We need the studies carried out by Ancestry and the other companies to guide us as to whether our matches have a good chance of sharing ancestors within the past 6 generations. We need good statistics regarding the likelihood a segment is IBD. Personally if a segment has a good chance of being IBD and I share a set of common ancestors with a match I have little doubt where the segment came from.

Reading Ancestry's white paper for matches did give me some pause for thought...
"third cousins, in fact, are only about 98% likely to have any IBD." Only? That's a pretty high percentage to me? That statement is a little troubling.

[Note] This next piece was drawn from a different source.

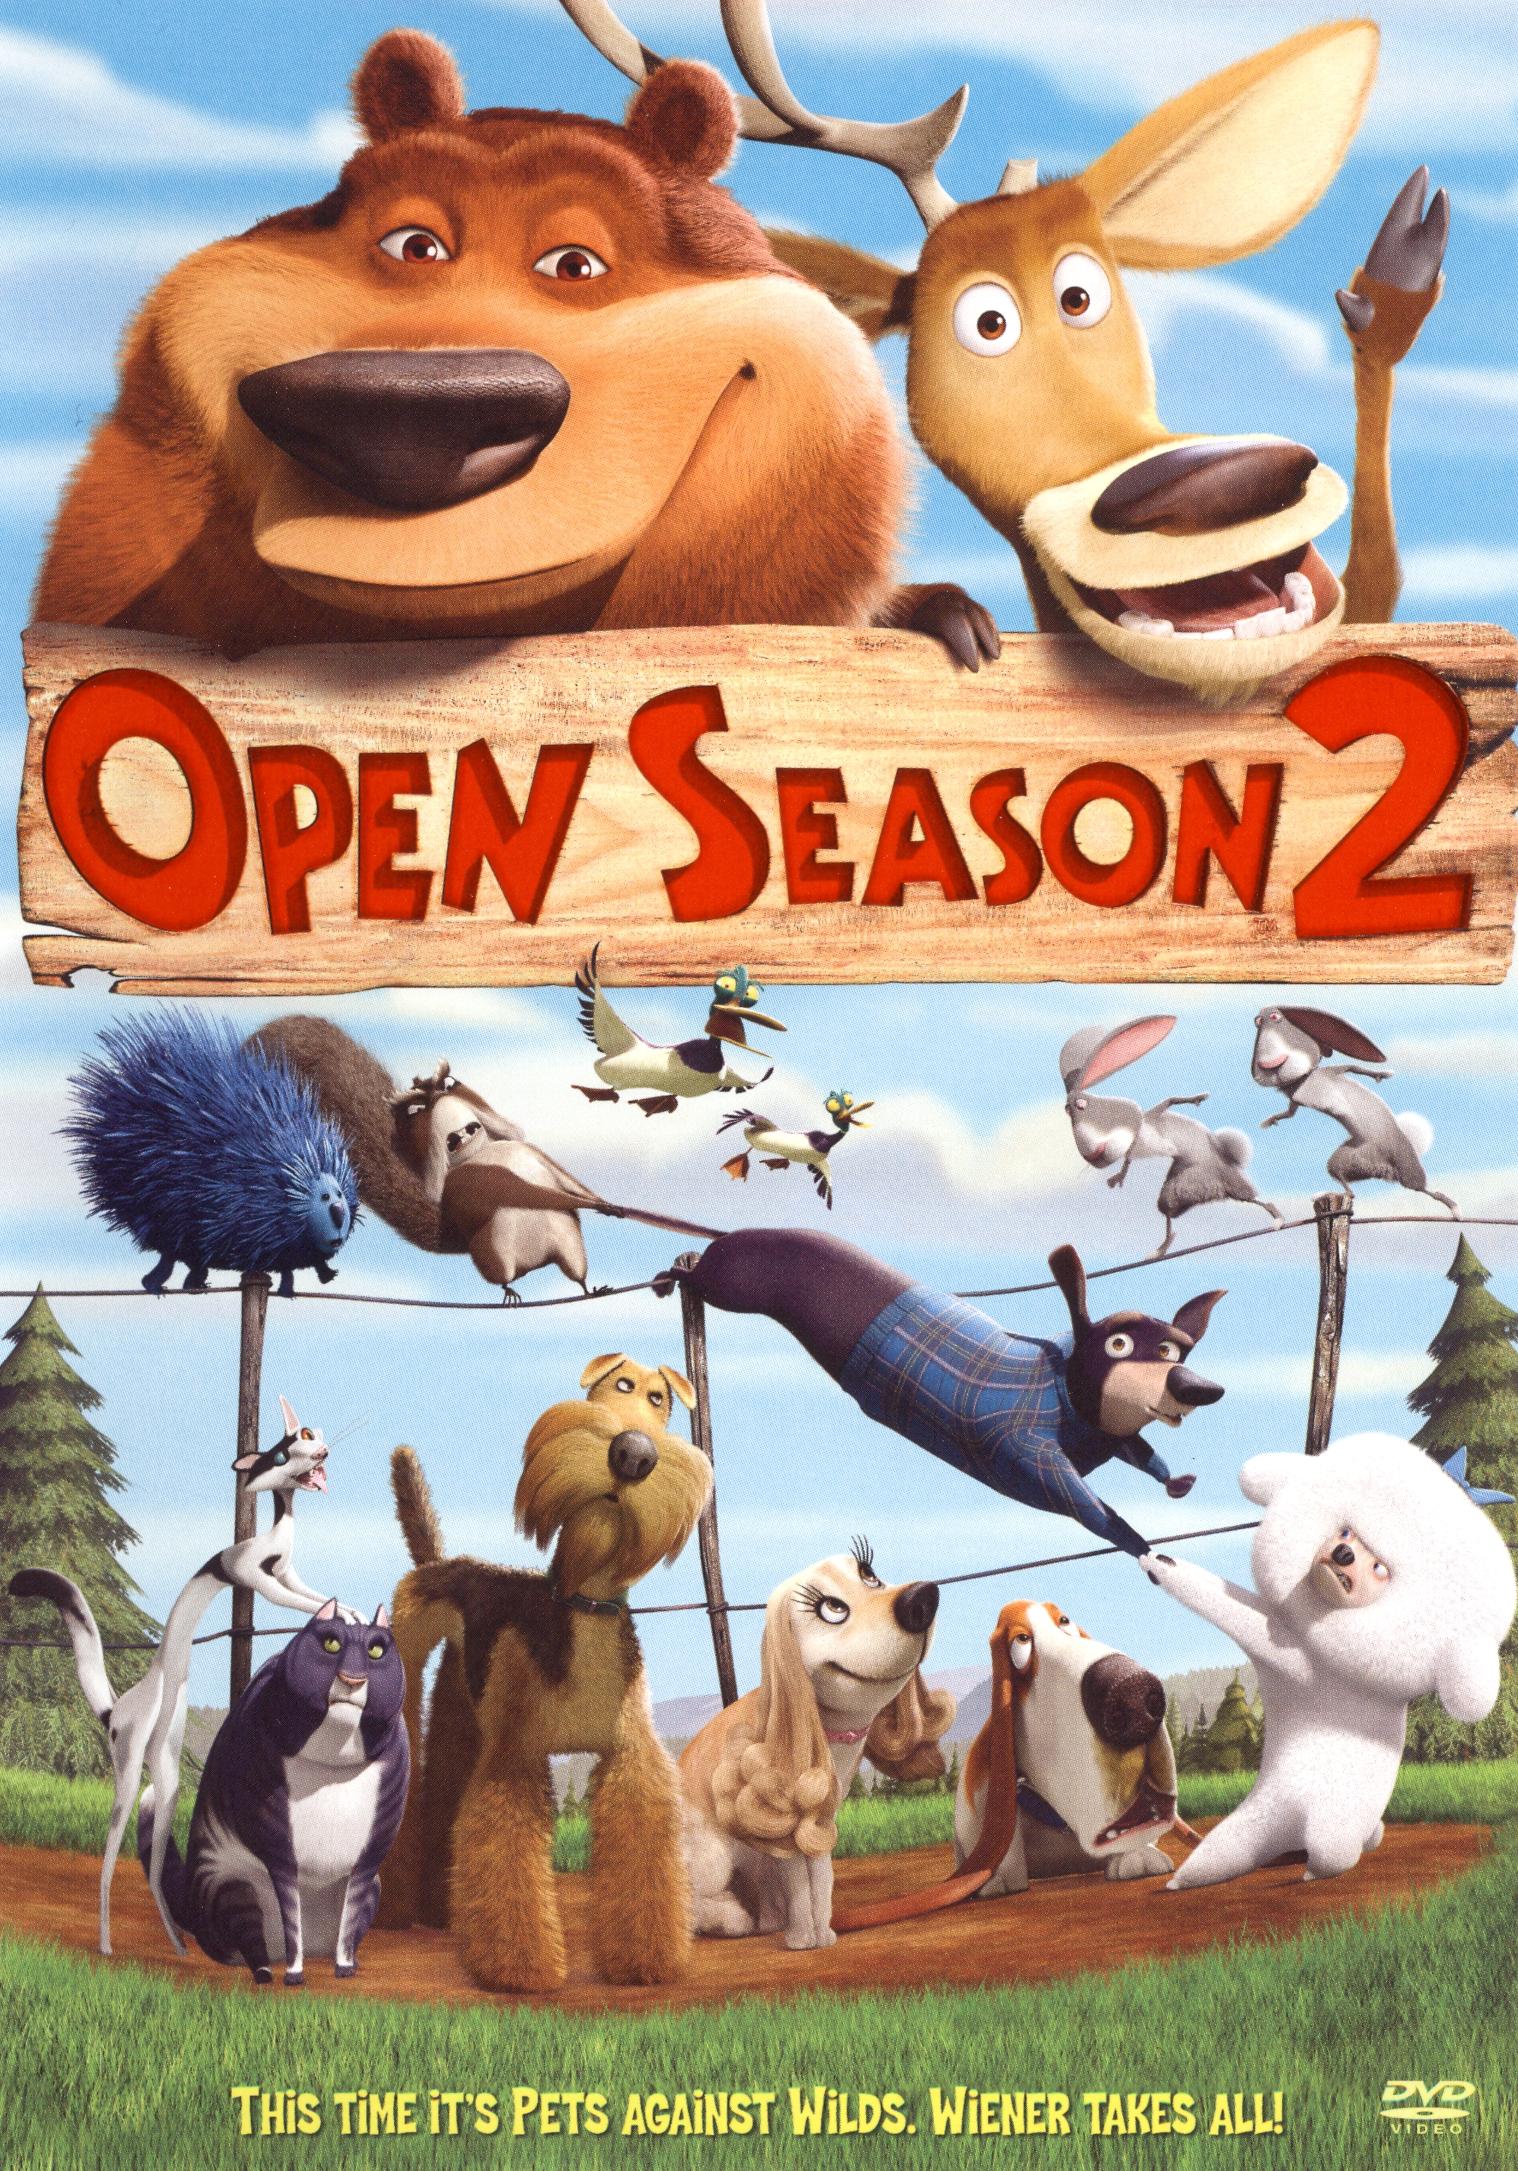 Open Season 2 [DVD] [2009] - Best Buy

I hope the rest of the reasoning behind their analysis is better?

Given the chance I think non scientists, provided with segment IBD probabilities and good trees, can make valid connections with matches


Yaniv Erlich said...

Hi Annette,

The math whether a segment is recent (less than ~7 generations) or ancient is quite complex and requires advanced stats. It is not something that can be done with a pen and paper.

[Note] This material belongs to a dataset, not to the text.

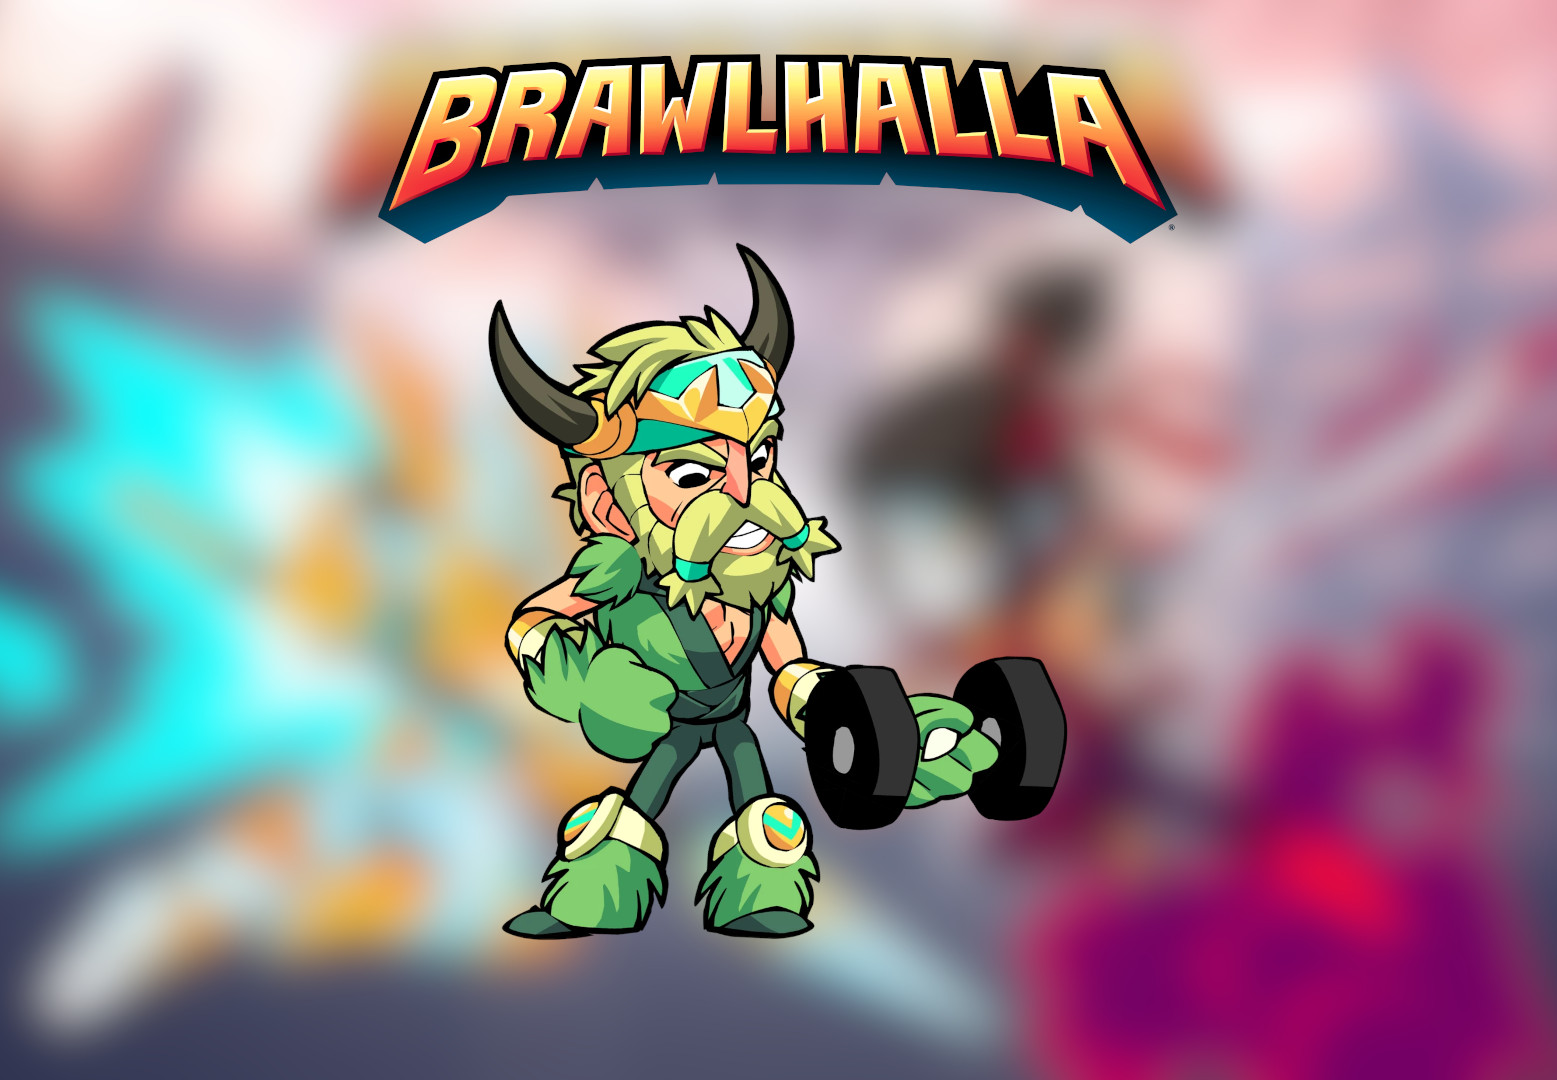 [$ 0.78] Brawlhalla - Dumbbell Curls Emote DLC CD Key

DNA.Land (https://dna.land) relative matching algorithm has the capability to do calculate this stats and classify segments to recent or ancient (see: https://dna.land/relative-finder-info). The website is free, not-for-profit, and accepts DNA form all three major companies. You can upload your data.

Kalani said...

Although I have the genealogies of the people of Pitcairn beginning from the founding 12 people, after comparing a couple of descendants to an actual Pitcairn resident, it was just impossible to map out the segments. More testees would be needed and not to mention relatives from the founding (European) people. Impossible to get relatives of the women since they were Tahitian women who may or may not have been closely related. And all 3 of these people I compared, as admixed as they all may be, especially the two non-Pitcairn residents, they are ALL coming up as matches to other Polynesians.


Annette said...

I've uploaded raw data to DNA.Land. It would be wonderful if more people would do the same.
Sounds like autosomal DNA testing isn't very useful for endogamous Island populations.